The Senate amendment may have passed a key milestone, but it has yet to face House scrutiny. Several House Republicans have objected to broad restrictions on outbound investment, claiming that it will be cumbersome to manage and will result in government intervention in the markets. House Financial Services Committee Chairman Patrick McHenry (R-NC) and House Financial Institutions and Monetary Policy Subcommittee Chairman Andy Barr (R-KY) favor a narrower approach that would prohibit outbound investment in sanctioned entities, or at least specifically identified entities. While their legislation has not been released, Rep. Barr has stated that it takes a sanctions-based approach rather than establishing a broader review mechanism.
Conversely, other Congressmen believe the Act does not do enough to limit outbound investment. House Select Committee on Strategic Competition with the Chinese Communist Party Chair Mike Gallagher (R-WI) favors a sector-specific approach to broadly restrict investment in AI, defense, or certain forms of biotech. He would go further and prevent some entities, like university endowments and state and local governments, from investing in China at all.
The version of the Act voted on by the Senate was itself a product of negotiations between the various factions. Prior versions of the Act provided a mechanism to deny U.S. deals in several sectors when national security was at risk. Sen. Cornyn has admitted that the original bill was scaled back to the present version because of inability to secure enough votes to support such authority.
These conflicting viewpoints have also plagued the Biden administration’s planned issuance of an EO. There has been public tension between the National Security Council’s desired restrictions on such transactions and the Treasury Department’s opposition to limiting outbound investment.

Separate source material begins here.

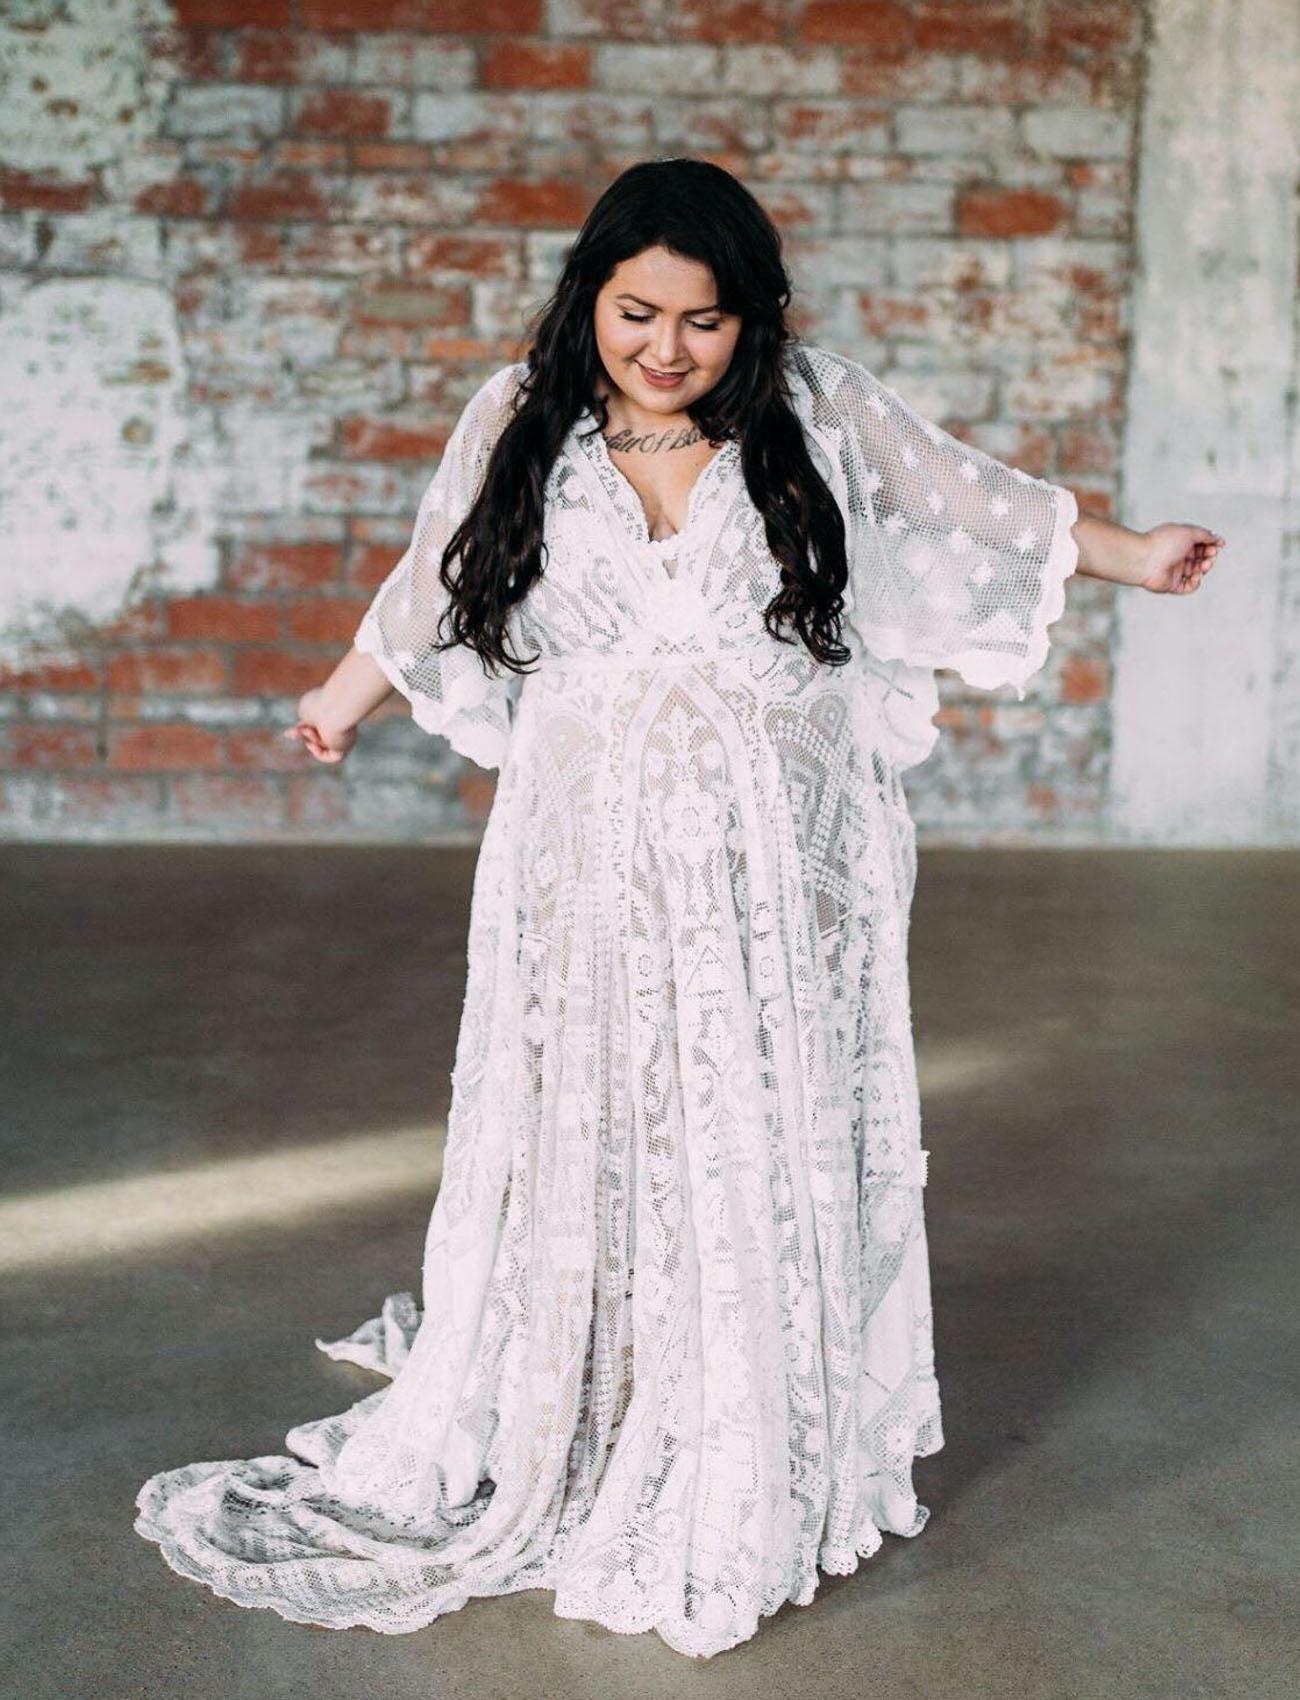 She's More than Magic Boho Wedding Dress
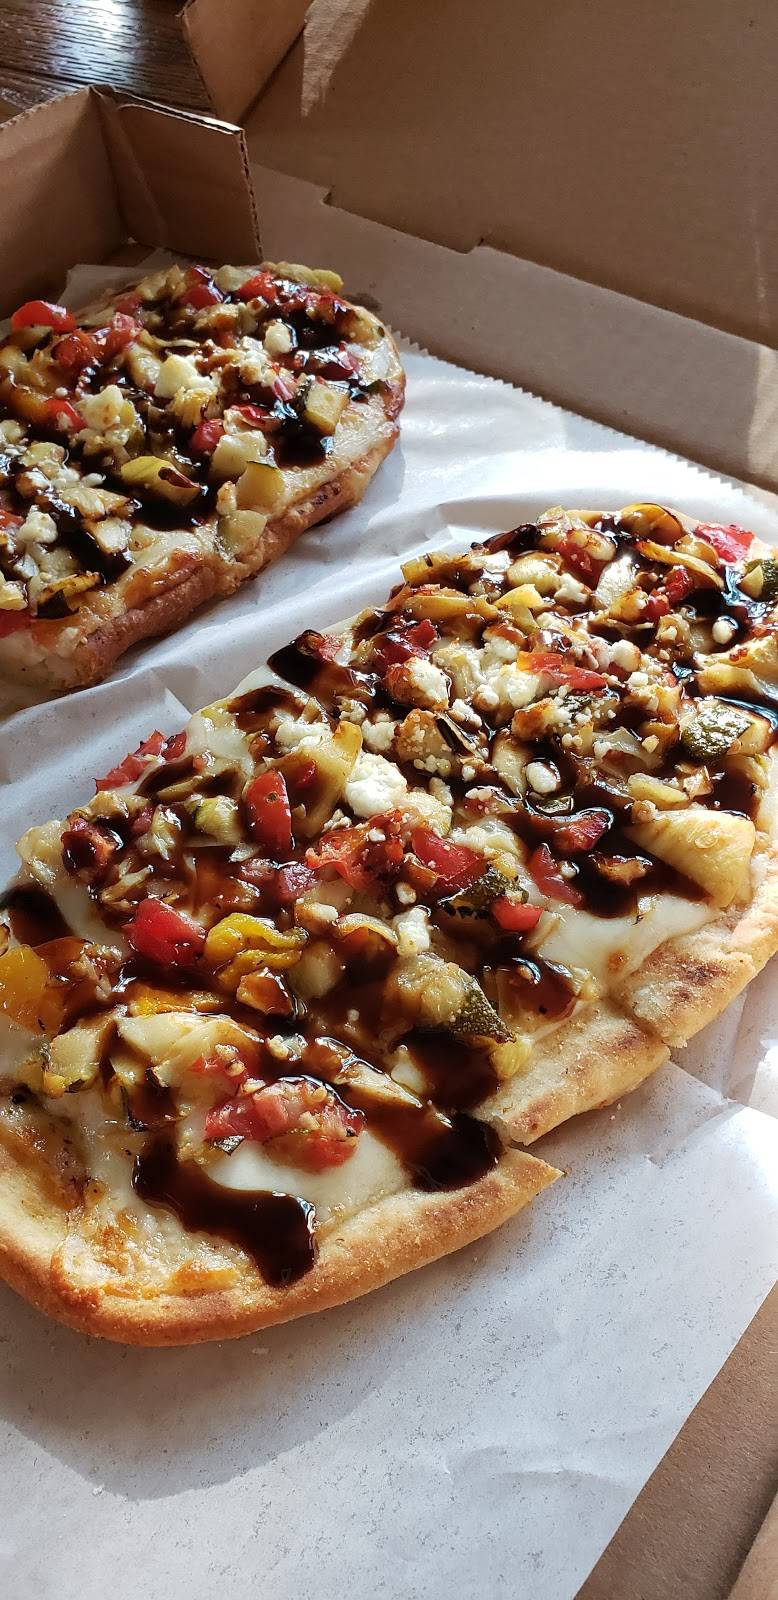 RAGU NY PIZZA & ITALIAN KITCHEN | restaurant | 2490 MD-97, Glenwood, MD 21738, USA | 4104895800 OR +1 410-489-5800

Issuance of the EO has been delayed for more than a year as the administration has struggled to reach consensus on which industries should be covered and whether the government should have the power to block transactions it considers national security risks.
Both the Senate amendment and the proposed EO represent a substantial shift in U.S. policy, which has largely allowed American firms free rein in their investments and operations in foreign countries. Increasing tension with Beijing over trade practices and concern over China’s technological advancement has pushed national security officials to argue for more oversight on how U.S. technology is transferred to China in key technology areas like advanced microchips, weapons systems, and other defense industries. Although the final form of the restrictions has not been decided, it is likely that some limitations will be placed on outbound investments in China in the coming year.